<<< Date Index >>>     <<< Thread Index >>>

full-text-indexing email



I'm once again full-text-indexing all my email, and it's working
great. This has only limited relation to mutt; I use mutt, but most
any MUA could be plugged in place of it. In the rest of this message
I'll describe what I'm doing and how.

Last time I did full-text indexing, I used glimpse; but
that codebase has gone down a road I didn't want to follow
(restricted-use commercial code).

For a long time I did without. Recently I took another look over the
available full-text indexers; Freshmeat gave me: Lupy, glimpse,
harvest, holmes, namazu, swish, swish++, and yase.

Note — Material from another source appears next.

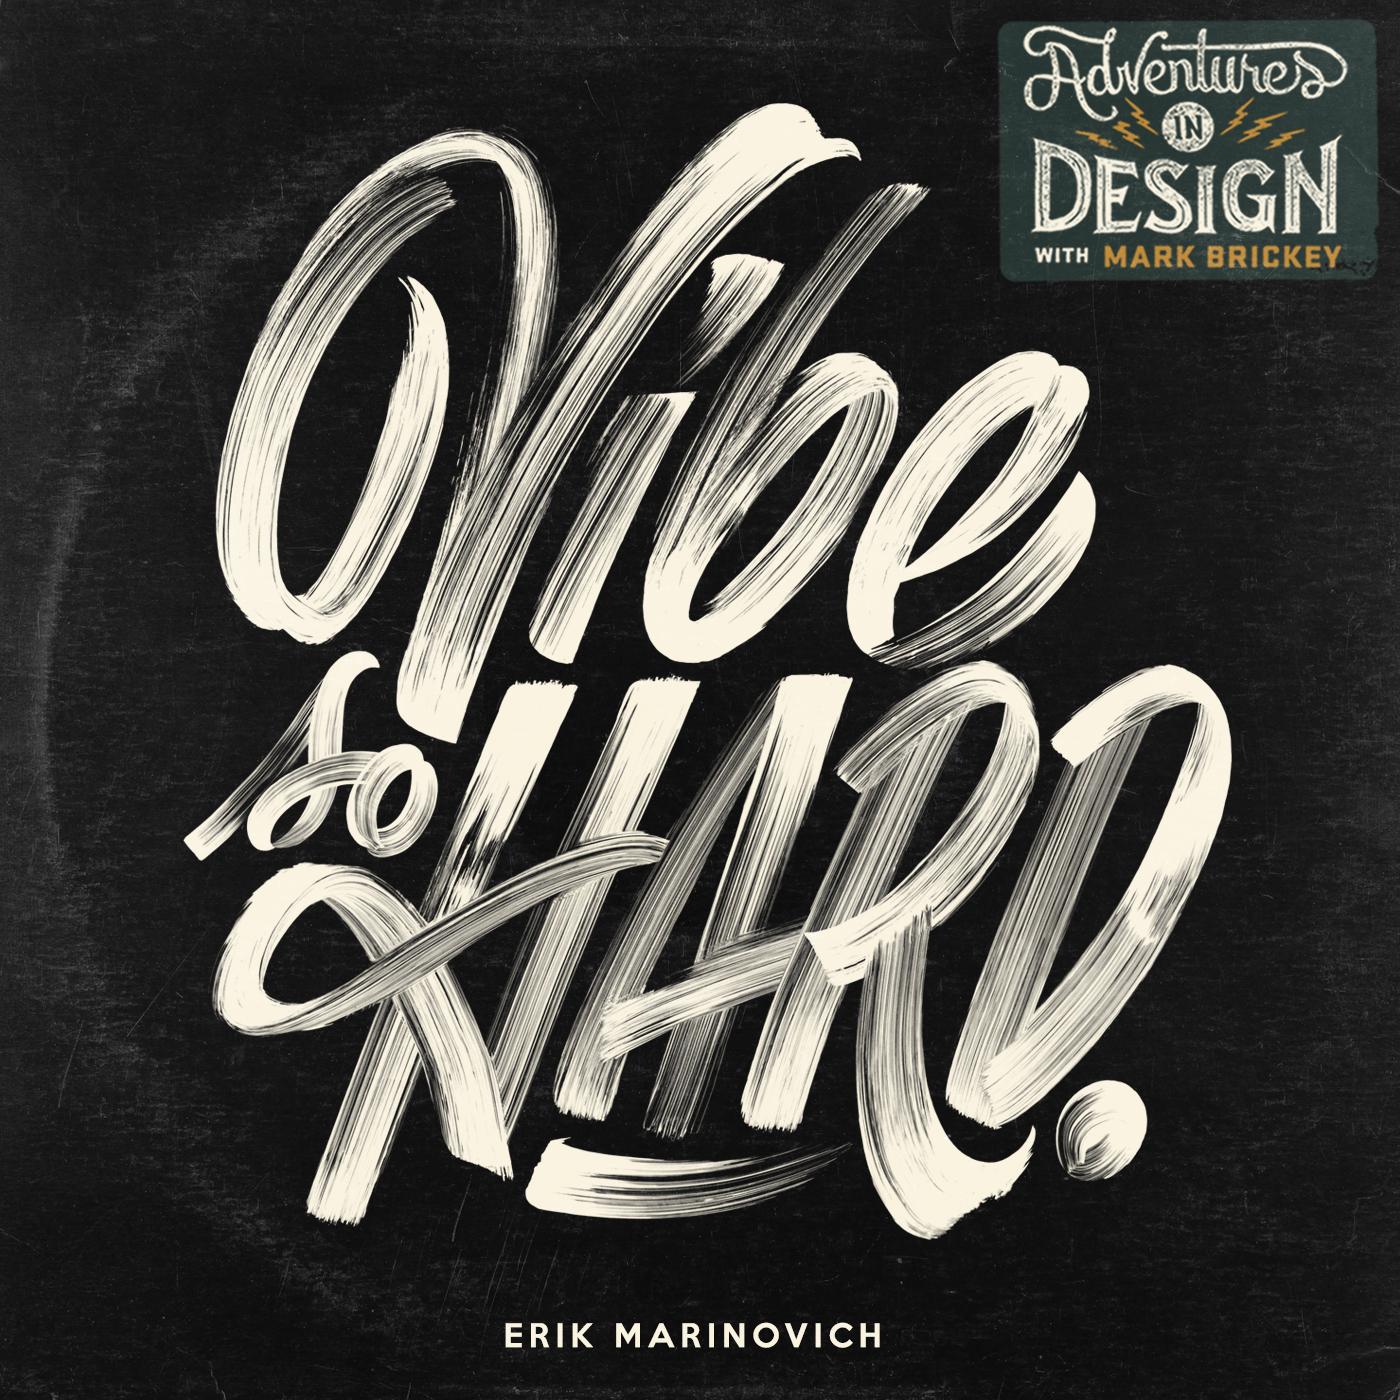 533 - Erik Marinovich

The first one I
looked at closely was swish++, and I stopped there. Perhaps some of
the others would have worked better; I didn't check.

Given swish++, the whole job was almost perfectly trivial. I find
that on my platform, the memory scaling of index is somewhat
different from the author's; on Red Hat 8 I found -W100000 climbed
to 76MB before finishing my email archives, where the author was
seeing 64MB per 250Kwords. Aside from that everything is slick.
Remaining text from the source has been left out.